We have all known the endurance athlete who never seems to become injured. There is also the athlete who has been running for three years and has spent more time injured than able to run. What does the healthy runner know that the other does not?
No sudden changes
Training adjustments are necessary to stimulate adaptation, strength, and fitness. If these changes are too sudden, the body may not have time to appropriately adjust and injury can occur. There is a general rule to never increasing mileage more than 10% weekly. If you want to include speed work into your training, add it in gradually. The same goes for road running if you have spent the majority of your time on the trails, running longer on the weekend, wearing different shoes, etc. Patience is a great tool to practice in regards to running!
Try to get in a little bit of training every day. You become best at what you habitually do. Sporadic training can result in strength and fitness decreases between periods of running. Athletes may think they can pick up where they left off, however the body may not be as ready as the mind.
Strong muscles help stabilize and protect the body while running. Tendons and ligaments strengthen as muscles do. Developing soft tissue will help support joints and help prevent injury.
Train properly for your events
While people may be able to get through a marathon off of 15 miles of running per week, they are much more likely to come out of it injured than someone running 40 miles weekly. This also includes training on similar terrain as the targeted event, such as roads, mountains, trails, or heavy downhills.
Knowing when to run hard and when to run slowly is very important. Many runners make the mistake of going medium hard all of the time. This results in less recovery and compromised hard runs. Many athletes stick with two or three key sessions a week, either ran hard or long.
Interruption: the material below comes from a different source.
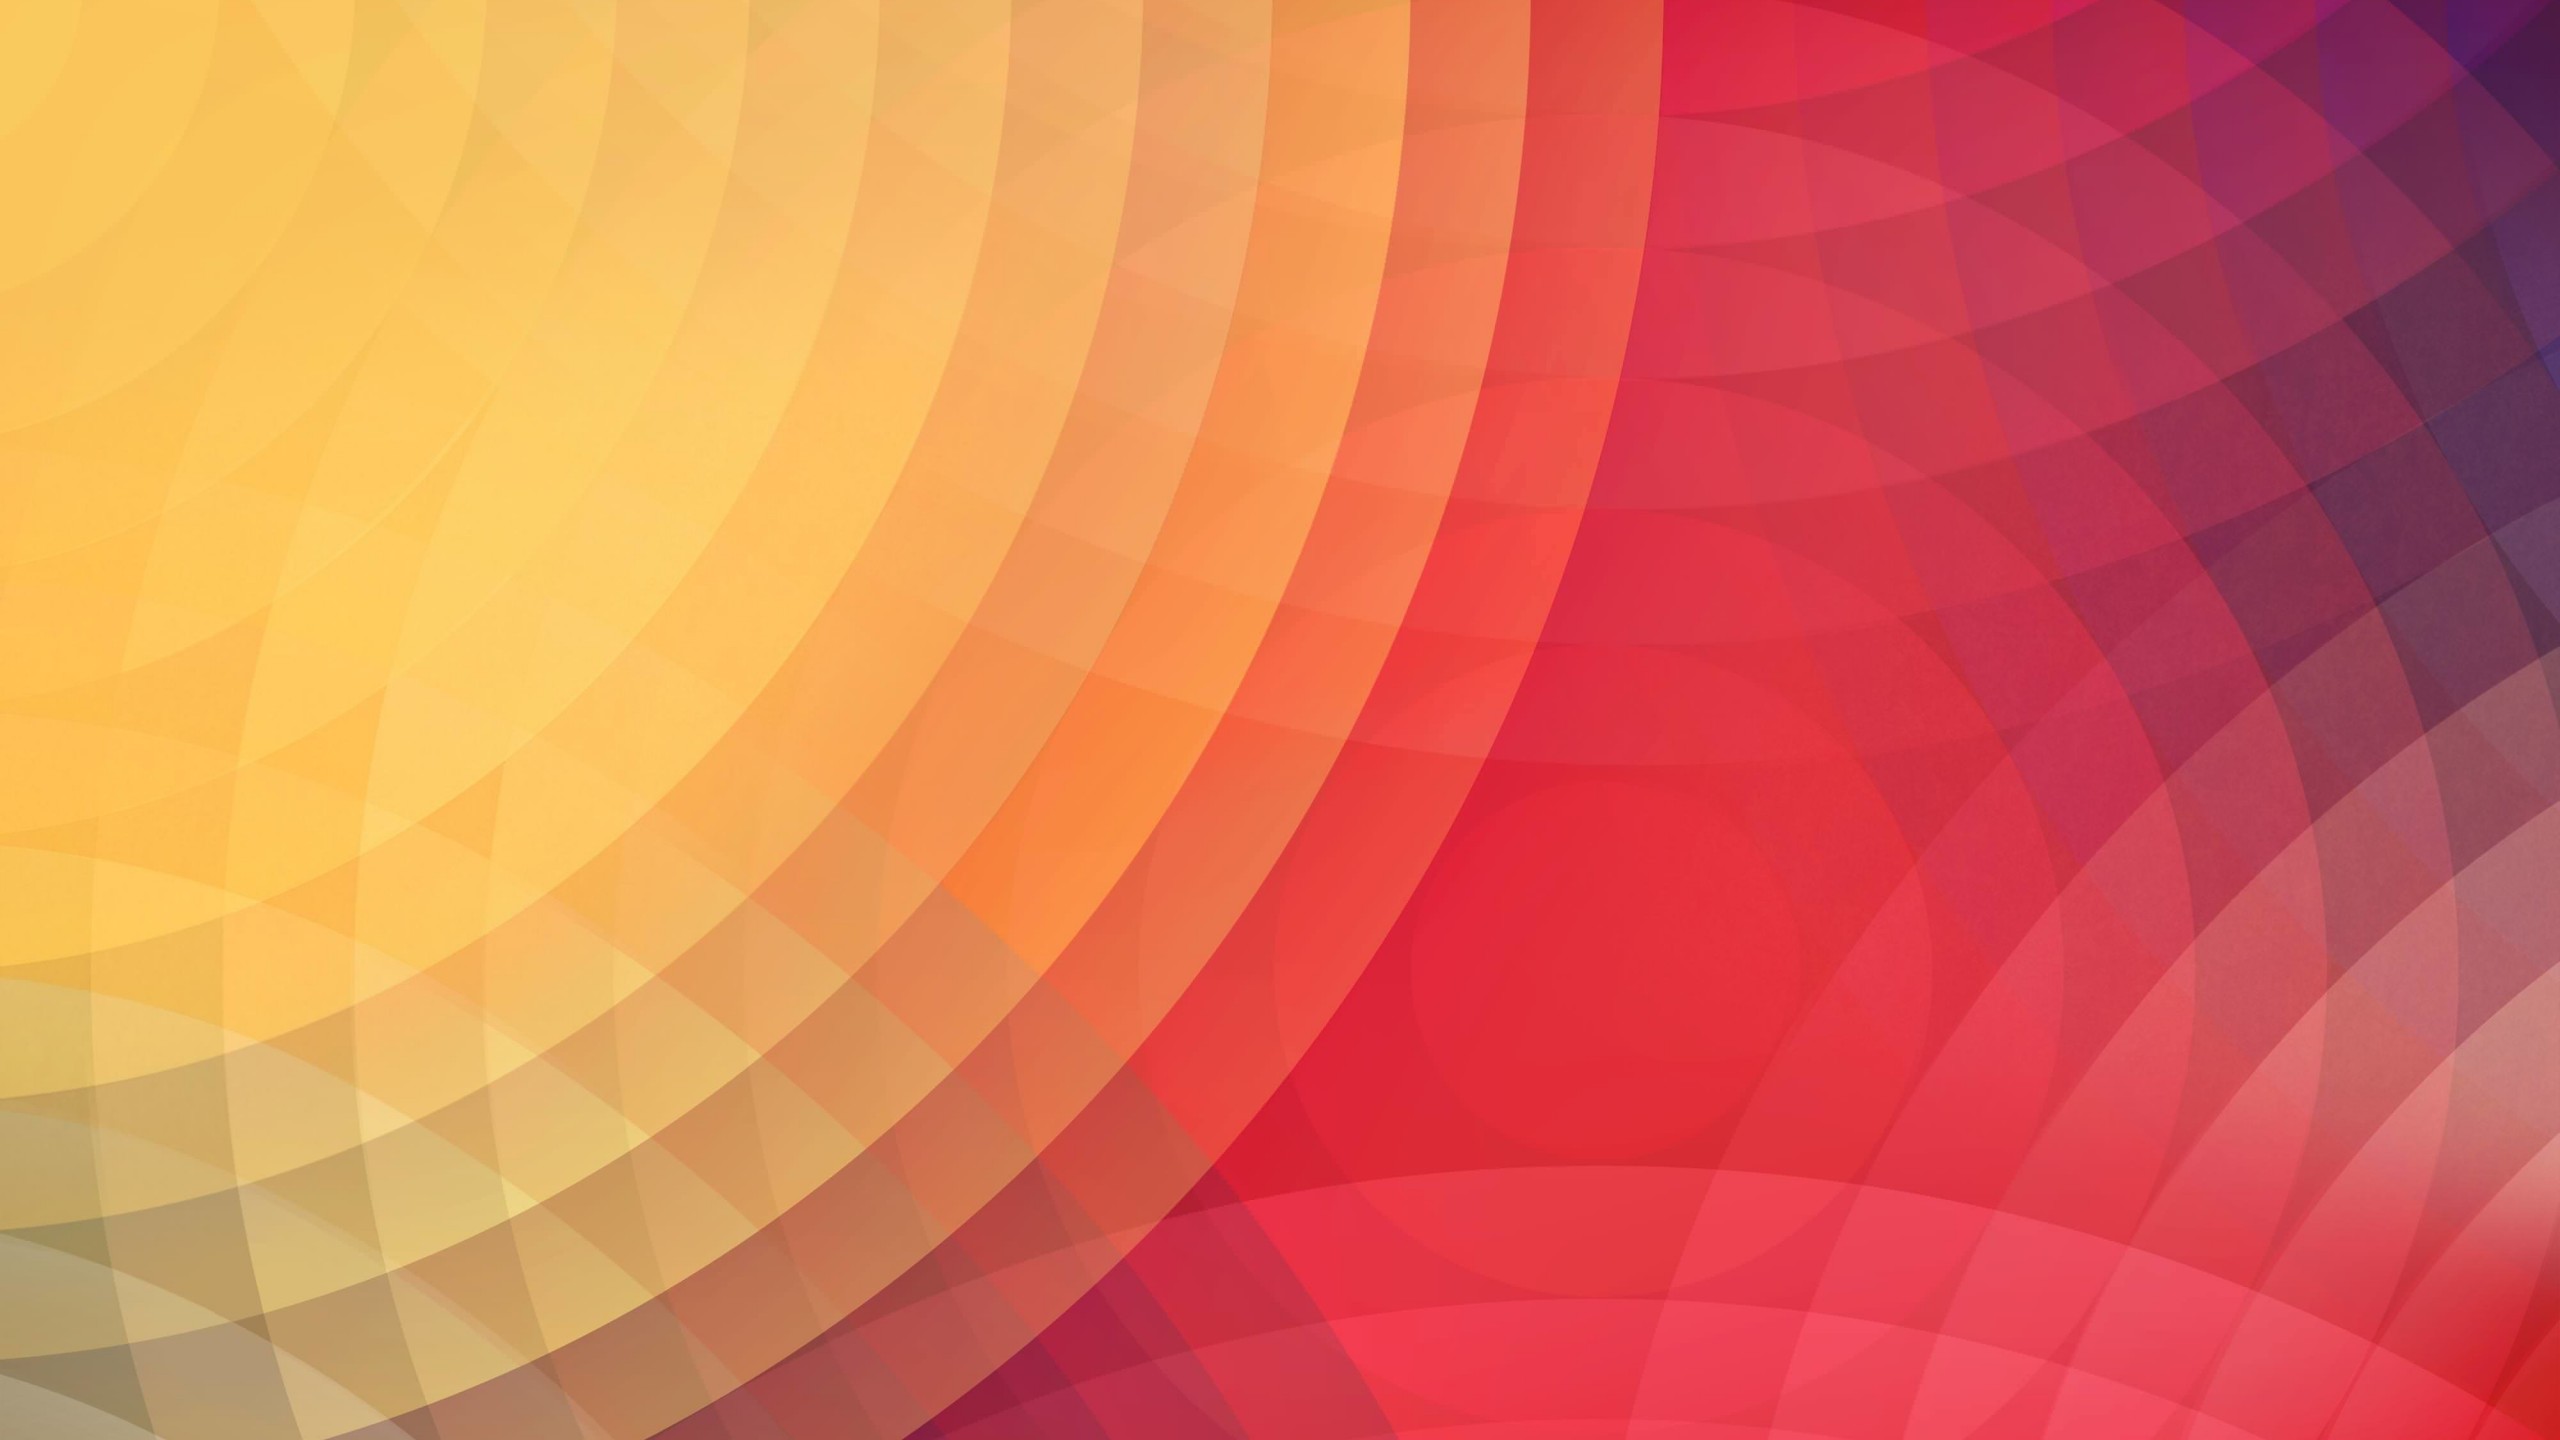 Abstract Circles Wallpaper for Social Media YouTube Channel Art

Between these runs are very easy sessions that benefit fitness, but do not hinder recovery or adaptation.
Know when to back off and rest
Being able to let go of one’s ego and decrease or stop running can be the difference between taking two weeks off of running or becoming injured and being unable to run for five months. Running in the short term (days & weeks) makes little difference in the long run of months and years.
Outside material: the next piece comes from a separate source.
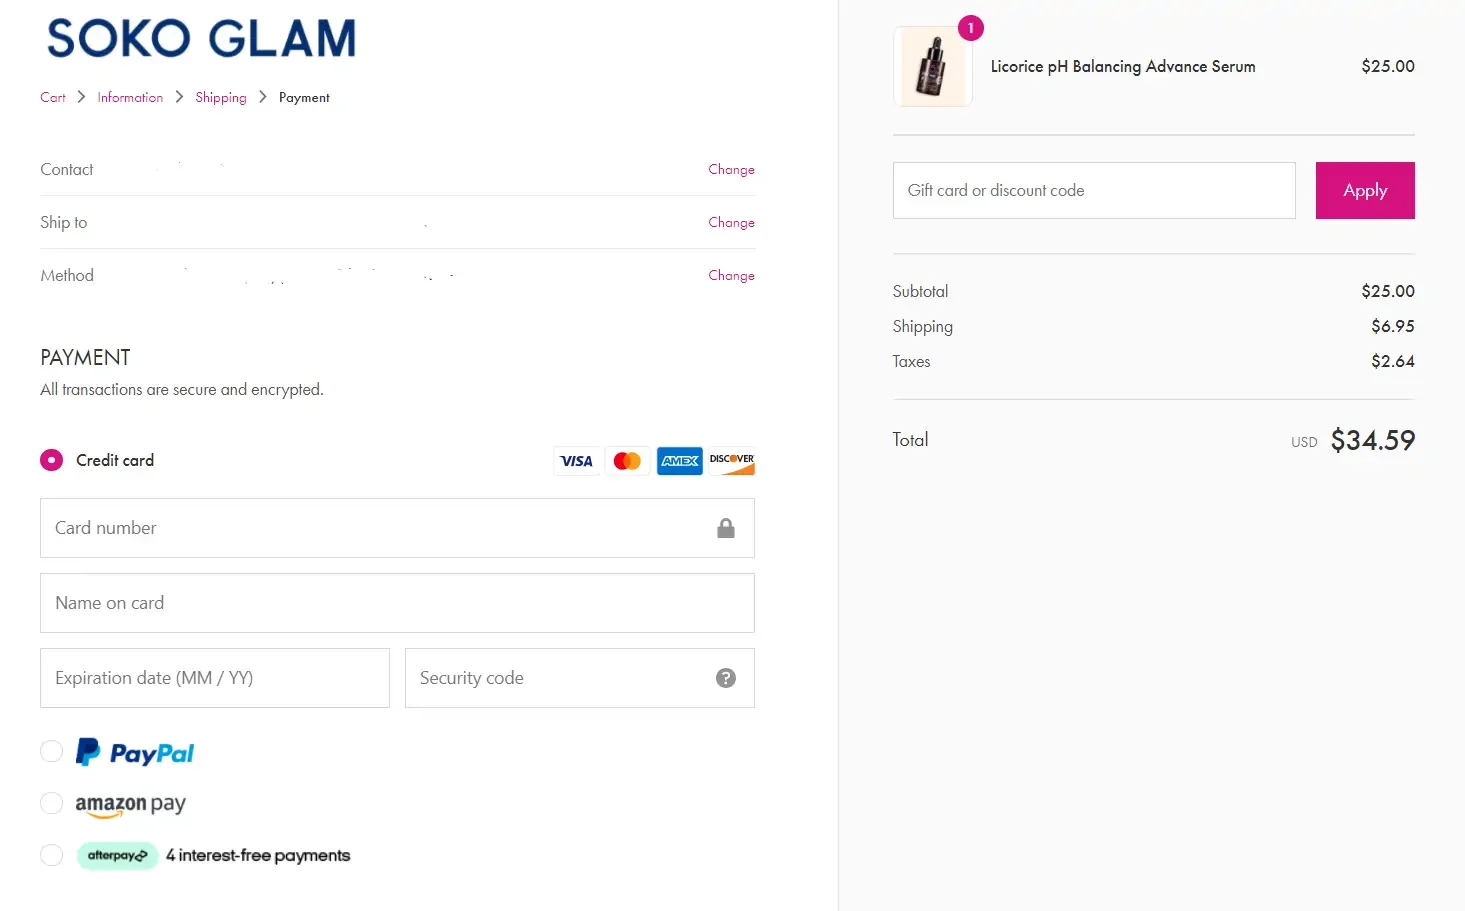 Soko Glam is an example of a checkout page that provides multiple payment options

This includes learning how to run in a way that is healthy, as well as wearing running shoes that allow the body to run in a real fashion. Doing so can result in more economic and a less harsh running form.
Run for a long time
This is likely the most important “secret”. Someone who has been running for three decades is much less likely to become injured than someone who has been running for two years. A lifelong runner has hopefully learned all of the above pieces of knowledge. Luckily for you, there are many resources available now to teach these. It is just up to the learner to acknowledge and implement the information.
Unfortunately the secret is, there are no secrets. Practicing patience and being able to let go of one's ego likely play the largest roles in having a long and healthy running career.
What other secrets would you share to newer runners?